I too hate 'soft' controls - at least for anything that's likely to be used while driving.
However, I do understand why manufacturers like them.
Buttons, dials, knobs, sliders, switches spread around the cockpit (door handle, stalks, steering wheel, left and right sides of the wheel, center console (high, middle, low), etc.), in addition to the switches themselves, requires cutouts (more complex design and/or labour), running wiring to those controls (much labour, look at the frequent troubles both Boeing and Airbus have had with wiring runs on aircraft - a different scale I know, but it shows wiring runs can be difficult), wiring looms (both price of the part and labour to wire up, and common points for QC issues), and so on.

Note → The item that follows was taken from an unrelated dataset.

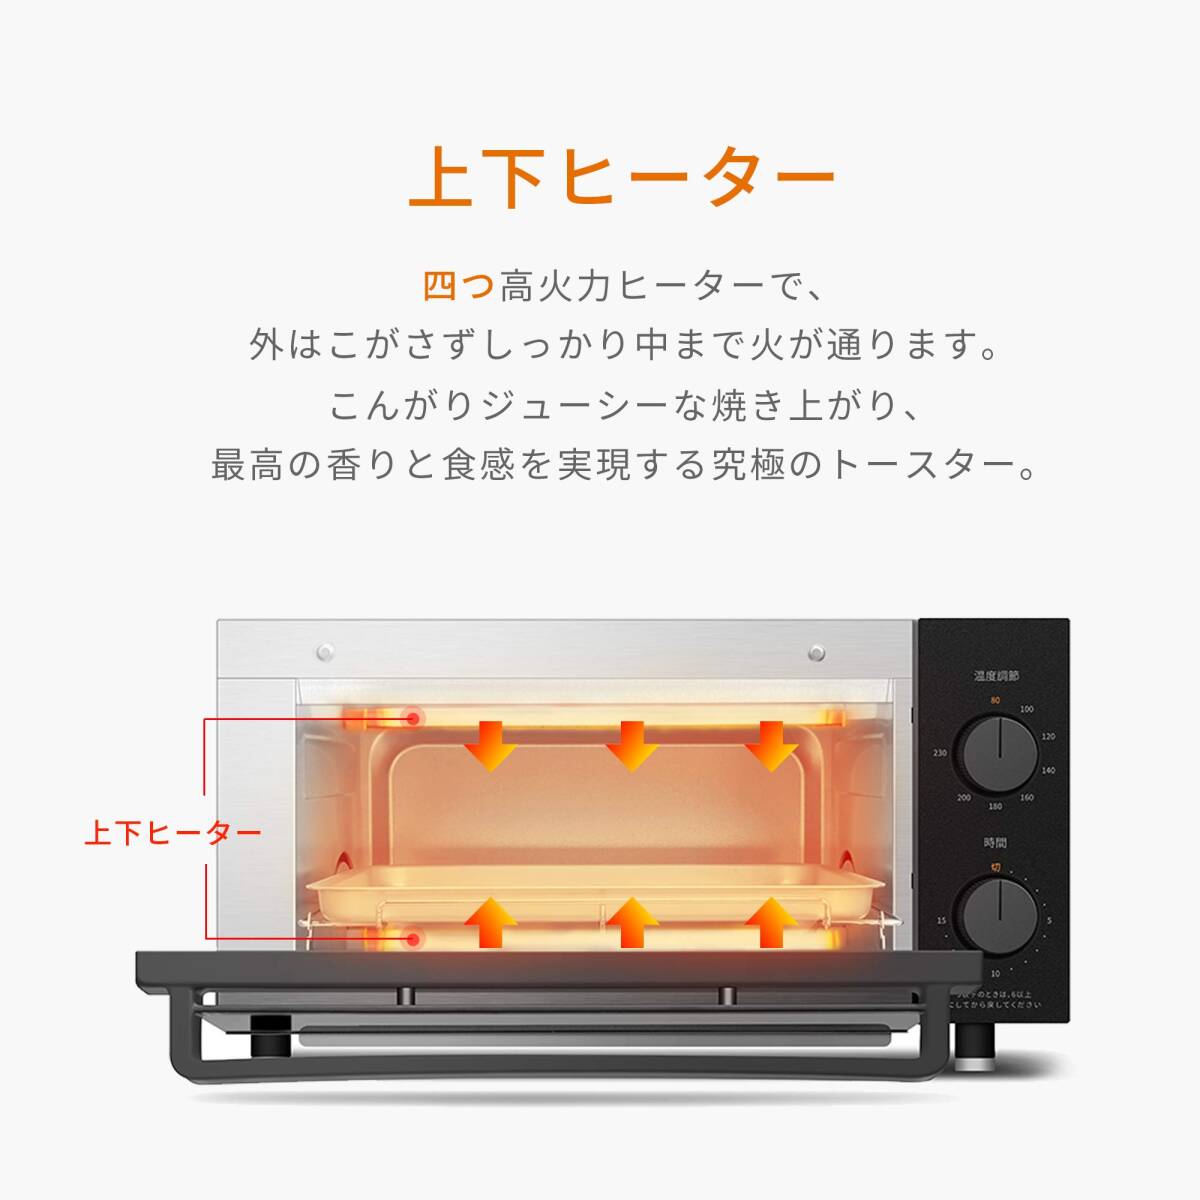 COMFEE' オーブントースター 4枚焼き トースト 12L 広い庫内 タイマー設定 無段階 温度調節 1200W 上下 4本ヒーター トレー_画像5

There can literally be a thousand dollar difference in manufacturing using a simple (but terribly bad UI design) setup like a Tesla vs having a lot of hard controls. And that doesn't count maintenance/warranty issues of failed switches and the costs in fixing them - as 20 moving parts will have a higher failure rate than a screen with touch controls. A central control system like a Tesla's is much easier to repair - just pull the entire thing out and put in a new (refurbed) one, and take the faulty one to an electronics repair shop and refurb to use as repair replacements or toss out (well, hopefully recyle).
It is literally a cost vs good human interface design equation.